U.S. Pat. No. 8,311,722B2 describes an active driver control system. Additionally, in various example embodiments, this technology provides methods for optimizing fuel economy (or energy consumption) through active compensation of driver controlled inputs. The Active Compensation functionality is used to moderate ‘sweet spot’ vehicle response with driver desired performance. In particular, the active compensation functionality can be used to smooth the vehicle response and attenuate undesired frequency content from the driver input. The system is not fail safe, has no active control or audio command to driver while driving. Further, the driver may neglect the rating provided by “Green driving index” and continue to over-speed
US 20080006711A1 relates to auxiliary engine drive control based on the demand mode of economy or normal mode. It is controlled by a demand switch for fuel economy with various blower speed control maps using inputs of coolant temperature sensor. When the economy switch signal is ON to instruct that fuel economy should be given priority, a blower of an air conditioning device is operated using a blower characteristic map for fuel economy so that a blower level of the air conditioning device is changed with respect to the change in an engine coolant temperature at a low rate. The system is not provided with any provision to control the ECU for activation of operational modes dependent on engine torque curve, injection quantity, timing and rail pressure that are crucial in the determination of driveability performance and fuel economy benefits.
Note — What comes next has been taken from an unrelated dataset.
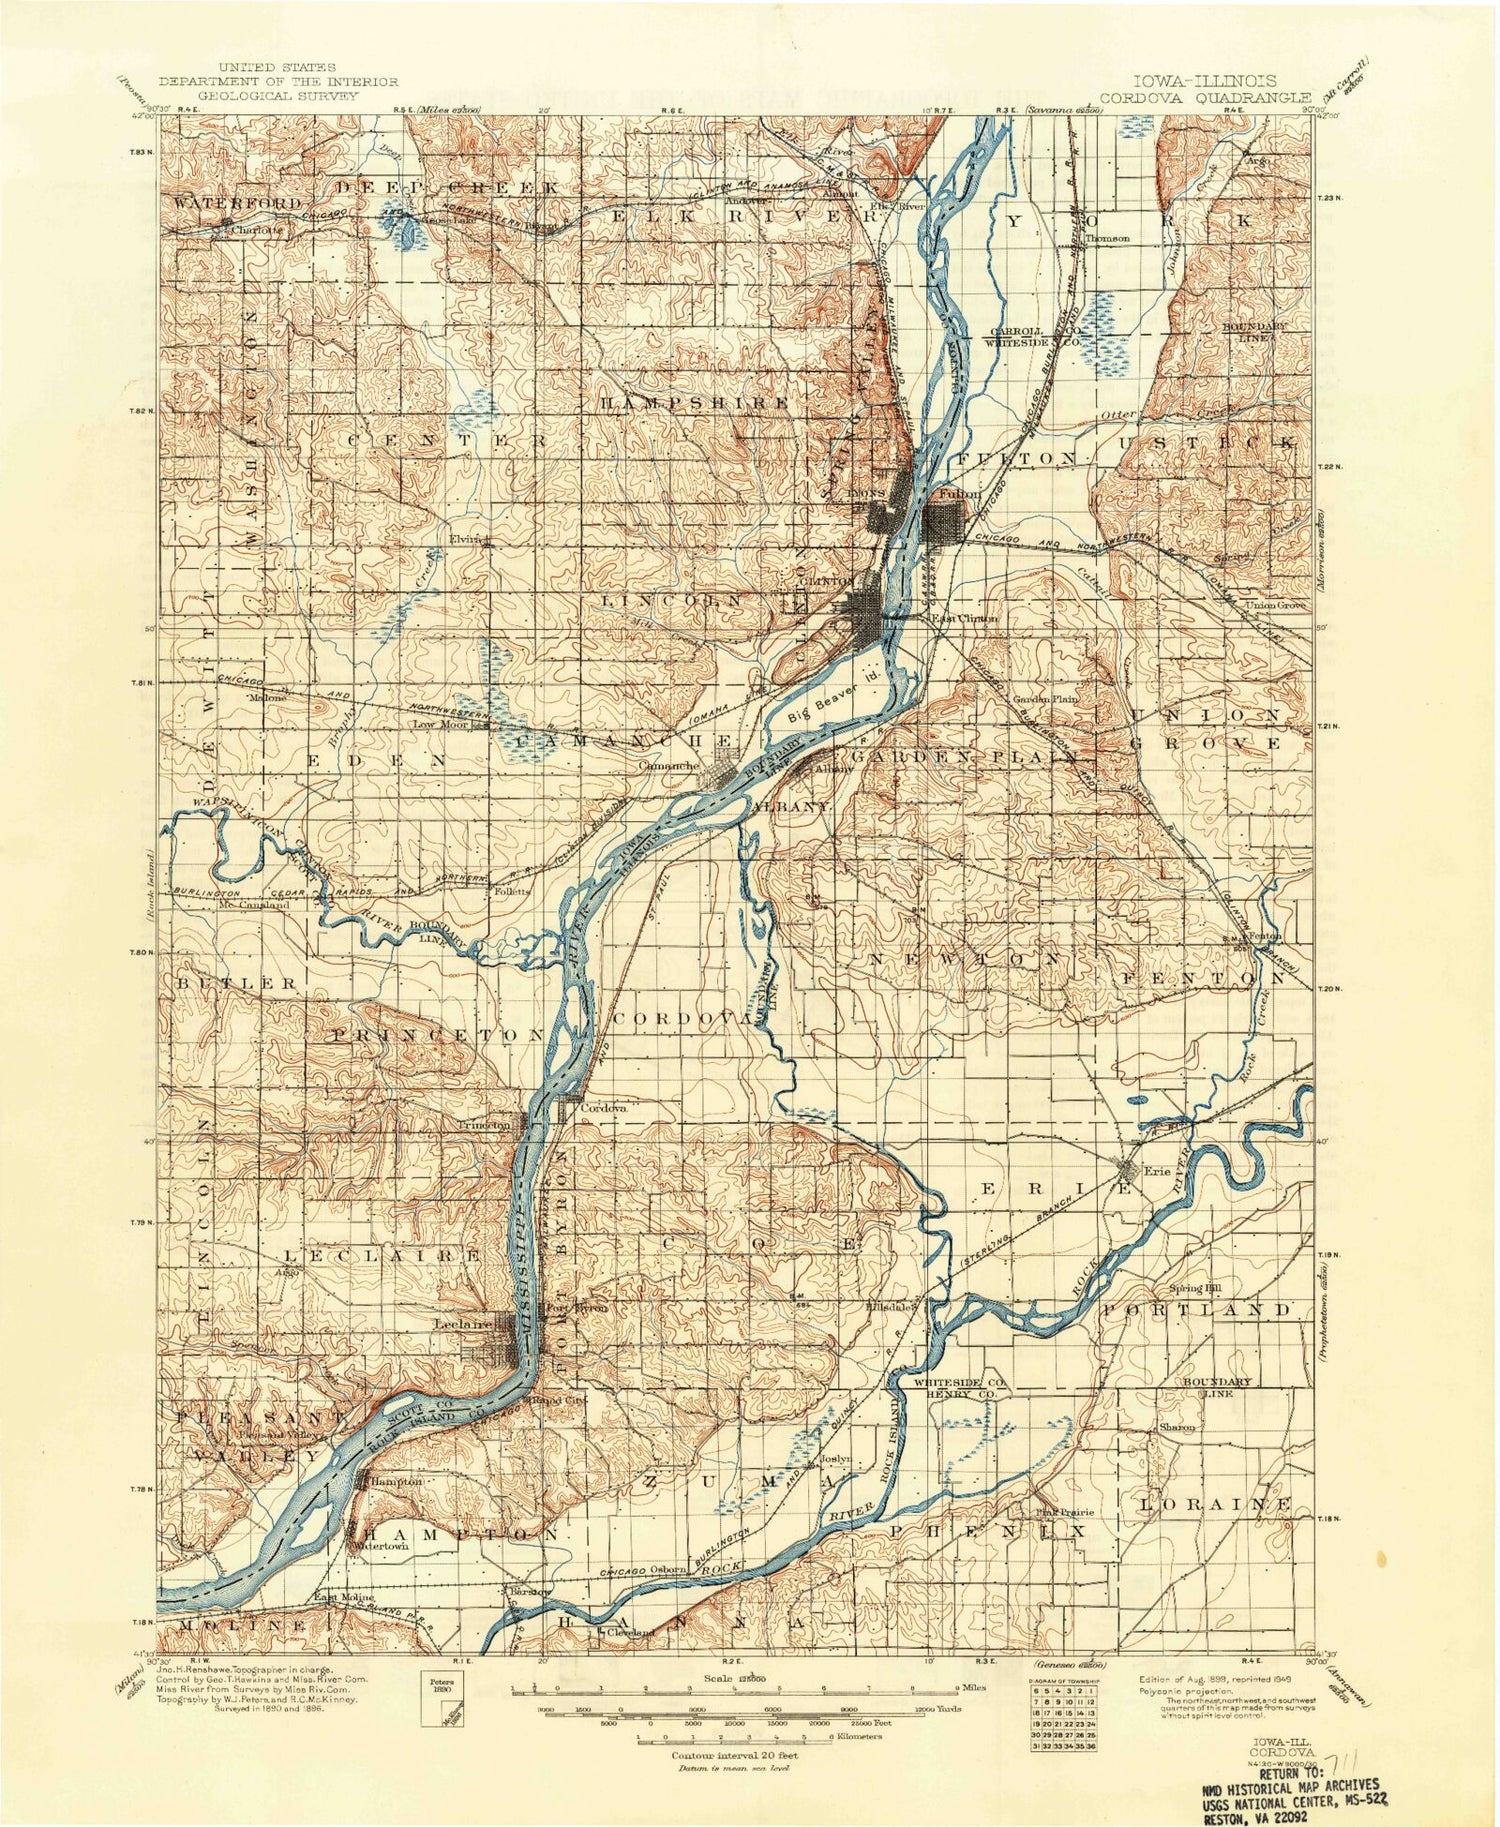 Historic 1899 Cordova Illinois 30'x30' Topo Map Image
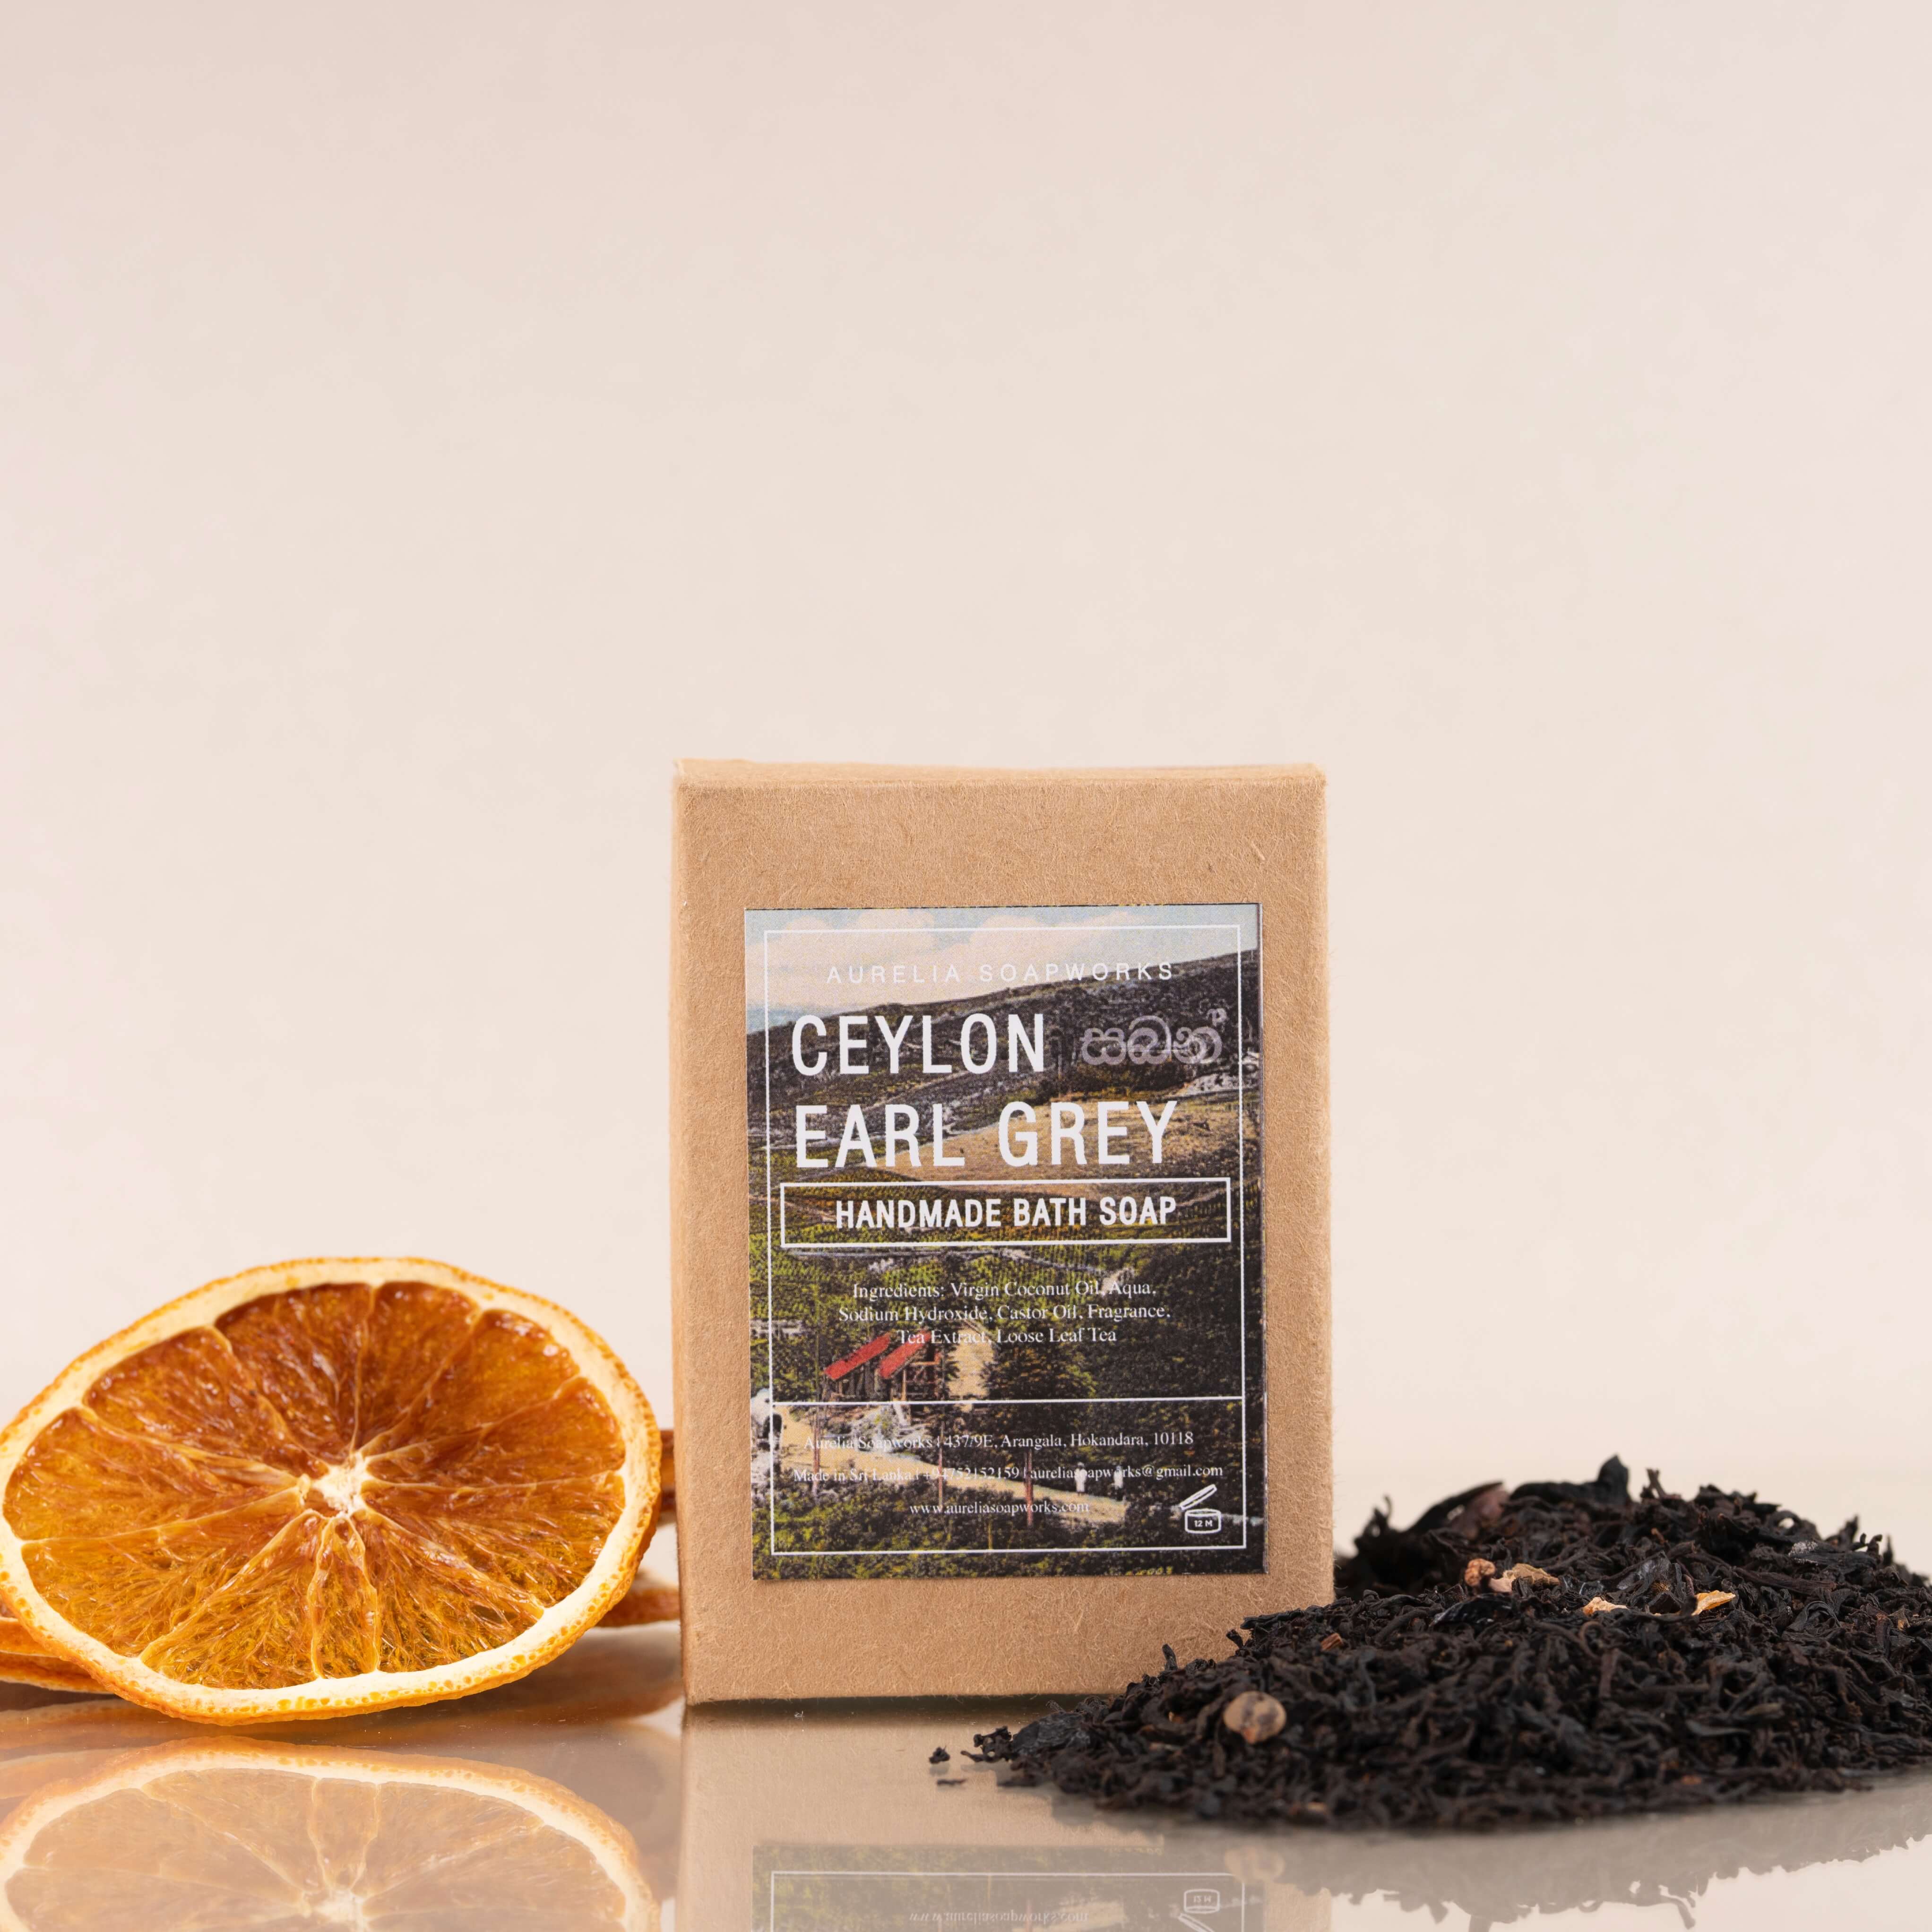 Ceylon earl grey bath soap

PCT Application no. PCT/IN2013/000349 describes an invention related to a common rail electronically controlled vehicle provided with operation selection mode wherein the user can select either of the power mode and the economy mode of vehicle operation depending on the road and load conditions. The system neither provides for automatic selection control of the operating mode nor does it provide inputs in terms of road gradient and load to the ECU which are key determinants in the selection of the appropriate operating mode for the best fuel efficiency and driveability performance. The input response is controlled through a switch and a driver's aggressive driving habit and over speeding of a vehicle cannot be restricted by such a system. It uses only one set of Rail pressure, injection quantity & injection timing parameters for all modes.
There remains an unmet need to provide modes selected switching control for vehicle that is capable of optimizing the operating conditions based on load and gradient sensed inputs to the vehicle for the best mode of operation that would result in enhanced fuel economy and vehicle performance.
The challenge therefore lies in providing a comprehensive system involving the engine and vehicle power-train configuration that would be valid for multiple applications [e.g. high power applications, load applications, one side empty applications, under-load applications, better turnaround time applications, and their combinations depended on market demand] with best fuel economy and drivability performance.